Emerson’s libertarian ideas of “The American Scholar” and “Self-Reliance” are valuable correctives to slavish and unthinking conformity to ideas and traditions that belong to the historical past. But they have always needed the corrective of a highly diverse yet broadly normative intellectual and scholarly tradition that manifests itself in a mentored and disciplined “community of practice.” Without this we have no way to critically challenge “the lunatic fringe” of unbridled solipsism, pseudo-intellectualism, rhetorical propaganda and ignorant stupidity. The fact of the matter is that Emerson himself enjoyed such a “community of practice” among his highly educated and cultured transcendentalist friends. He even encouraged them to develop “portfolios” of their intellectual and creative work to be shared and reviewed by each other. His editorial work with “The Dial” is further evidence that he valued participation a “community of practice.” Emerson was not entirely again the epistemological value of  “Authority (meaning Expertise) and Tradition (meaning Legacy).” He just wanted to create a new one in America that was free of old European influence.  And so it seems clear that he denied in theory what he affirmed in practice.

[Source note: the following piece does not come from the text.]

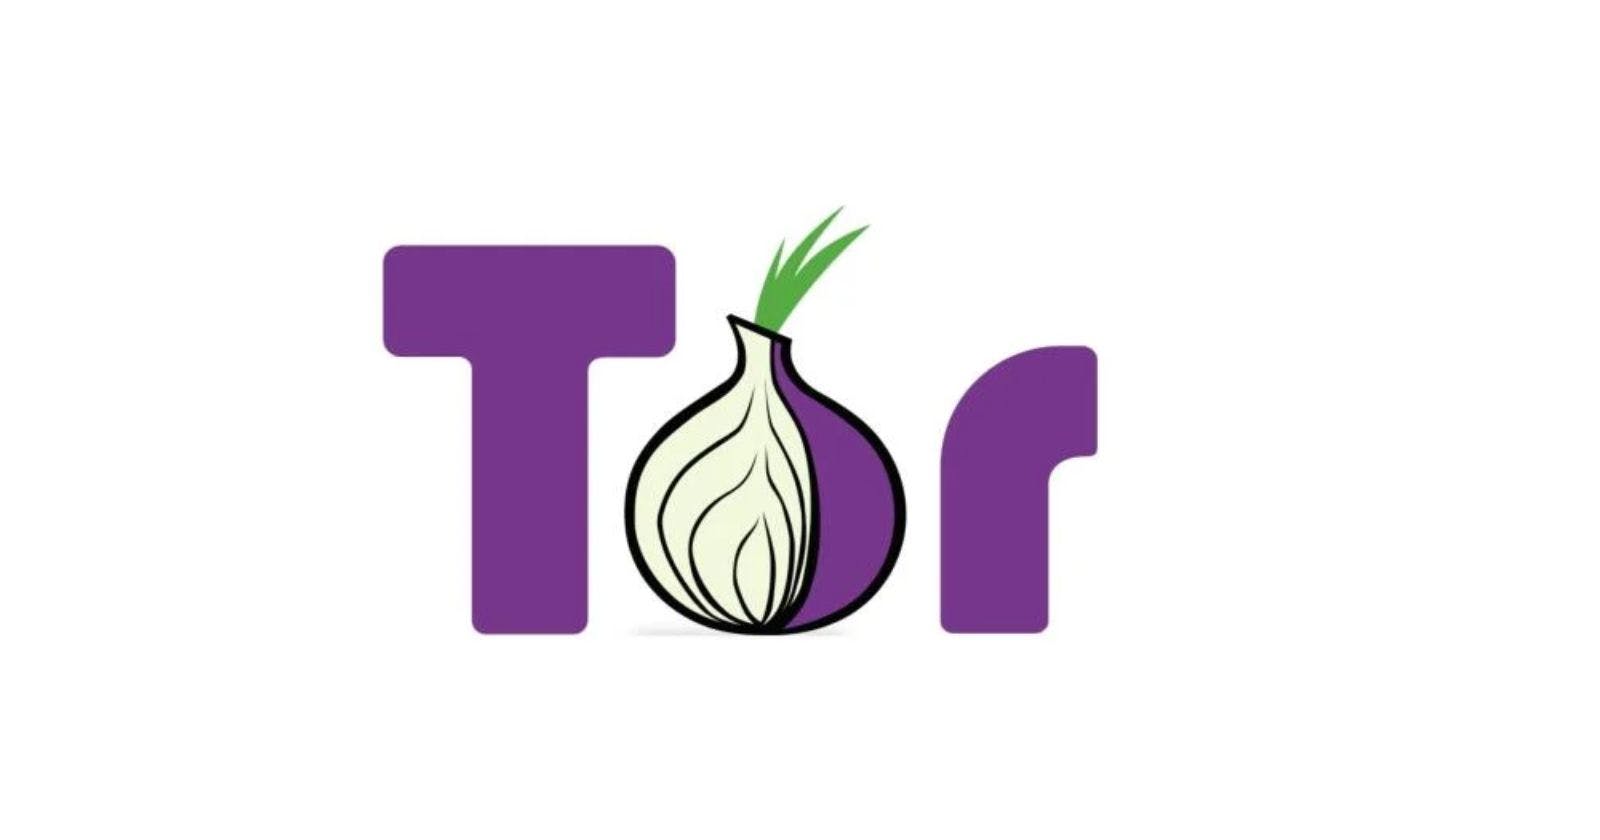 How to Install Tor in Kali Linux

Then there is this: “During the eight years at the Minta Gymnasium, Polanyi studied history, literature, language, science and mathematics. By his own admission, physics and art history were his favorite subjects–an early foreshadowing of the breadth of interest that would characterize the rest of his life.” Physics and art. I’m reminded of Leonard Shlain’s fascinating book, The Alphabet Versus the Goddess, and also of his later book, Art and Physics, on how new scientific theories and discoveries have often been anticipated (by decades if not centuries) by intuitive insights and imaginative visions expressed in the metaphorical and symbolic languages of literature and the arts.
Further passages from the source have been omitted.